14.4.20. crate_anon.linkage.validation.test_hash_speed

crate_anon/linkage/validation/test_hash_speed.py


Copyright (C) 2015, University of Cambridge, Department of Psychiatry. Created by Rudolf Cardinal (rnc1001@cam.ac.uk).

This file is part of CRATE.

CRATE is free software: you can redistribute it and/or modify it under the terms of the GNU General Public License as published by the Free Software Foundation, either version 3 of the License, or (at your option) any later version.

CRATE is distributed in the hope that it will be useful, but WITHOUT ANY WARRANTY; without even the implied warranty of MERCHANTABILITY or FITNESS FOR A PARTICULAR PURPOSE. See the GNU General Public License for more details.

You should have received a copy of the GNU General Public License along with CRATE. If not, see <https://www.gnu.org/licenses/>.


Test the speed of hashing.

The question is: if someone malicious learned a secret hash key, how long would it take them to generate a reverse map from a known identifier space?

The test uses a single CPU core.

Specimen results, for padding length 9 and the HMAC_MD5 algorithm, on Wombat (3.5 GHz CPU), tested with 100000 (1e5) iterations (which took 0.72 s, piping to /dev/null):

  • 1e9 operations will take about 7200 s = 2 hours. This is the right order of magniture for NHS numbers (9 digits plus a checksum; other rules might restrict that a bit more).

  • 7.3e12 operations will take about 52667022 s = 1.7 years This is the right order of magnitude for NHS numbers plus dates of birth covering 20 years (1e9 for NHS number * 365 days/year * 20 years).

  • 3.65e13 operations will take about 263335113 s = 8.4 years This is the right order of magnitude for NHS numbers plus DOBs covering a century (1e9 for NHS number * 365 days/year * 100 years).
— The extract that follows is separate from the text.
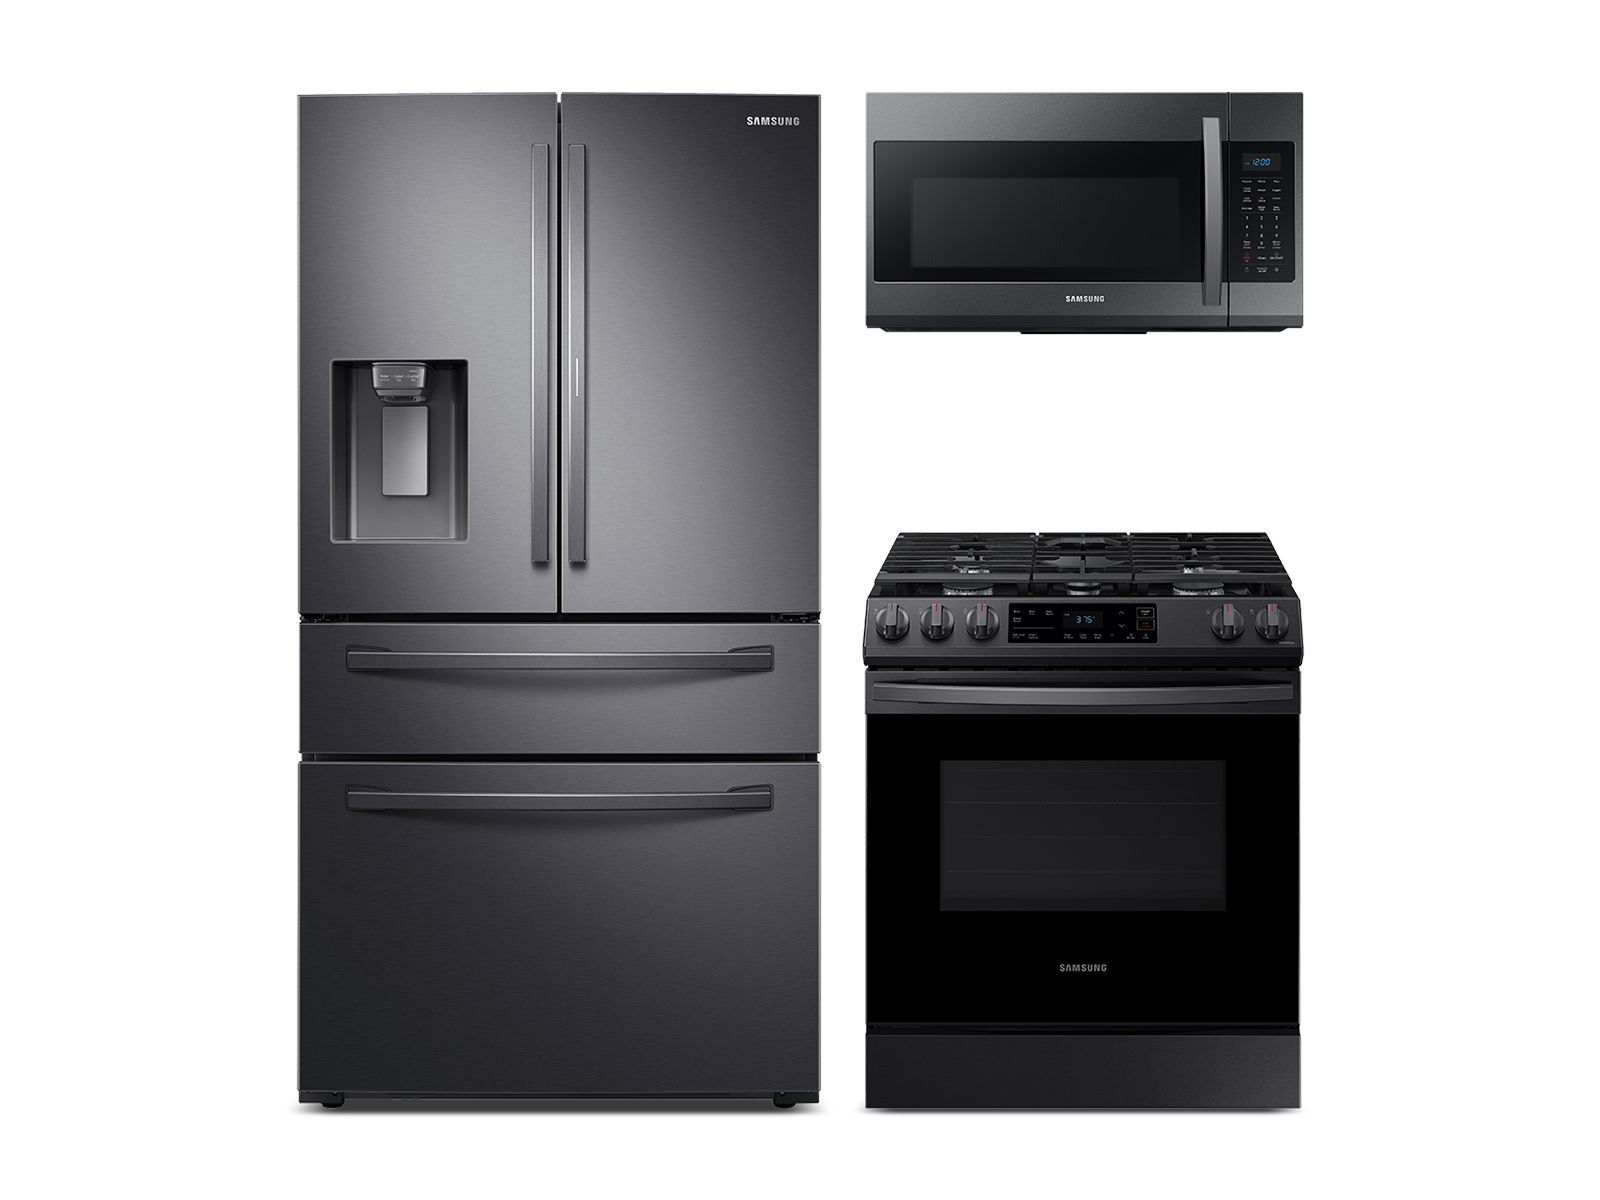 Food Showcase 4-Door French Door Refrigerator, Smart Slide-in Gas Range and Sensor Cooking Microwave all in Black Stainless Steel package

The hash algorithm isn’t a major factor; moving from HMAC_MD5 to HMAC_SHA512, for example, only takes the time for 1e5 iterations from 0.72 s to 0.86 s.
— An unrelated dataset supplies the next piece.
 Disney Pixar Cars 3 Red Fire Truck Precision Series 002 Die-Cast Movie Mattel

(A subsequent test: faster, at 5443 s = 1.5 h, 1.25 y, and 6.3 y respectively.)

Speed tests considered for paper (not used in the end; real-world measures used):

./test_hash_speed.py --method HMAC_MD5 --ntests 1000000 > /dev/null
./test_hash_speed.py --method HMAC_SHA256 --ntests 1000000 > /dev/null
./test_hash_speed.py --method HMAC_SHA512 --ntests 1000000 > /dev/null
crate_anon.linkage.validation.test_hash_speed.gen_dummy_data(n: int, string_length: int) Iterable[str][source]

Generate some random strings of the specified width

crate_anon.linkage.validation.test_hash_speed.main() None[source]

Command-line entry point.

crate_anon.linkage.validation.test_hash_speed.test_hash_speed(output_filename: str, hash_method: str, key: str, ntests: int, intended_possibilities: List[int], string_length: int)[source]

Hash lines from one file to another.

Parameters
  • output_filename – Output filename, or “-” for stdin

  • hash_method – Method to use; e.g. HMAC_SHA256

  • key – Secret key for hasher

  • ntests – Number of hashes to perform.

  • intended_possibilities – Number of hashes to estimate time for.

  • string_length – Length of each string to hash (characters).

Note that the hash precedes the ID with the keep_id option, which works best if the ID might contain commas.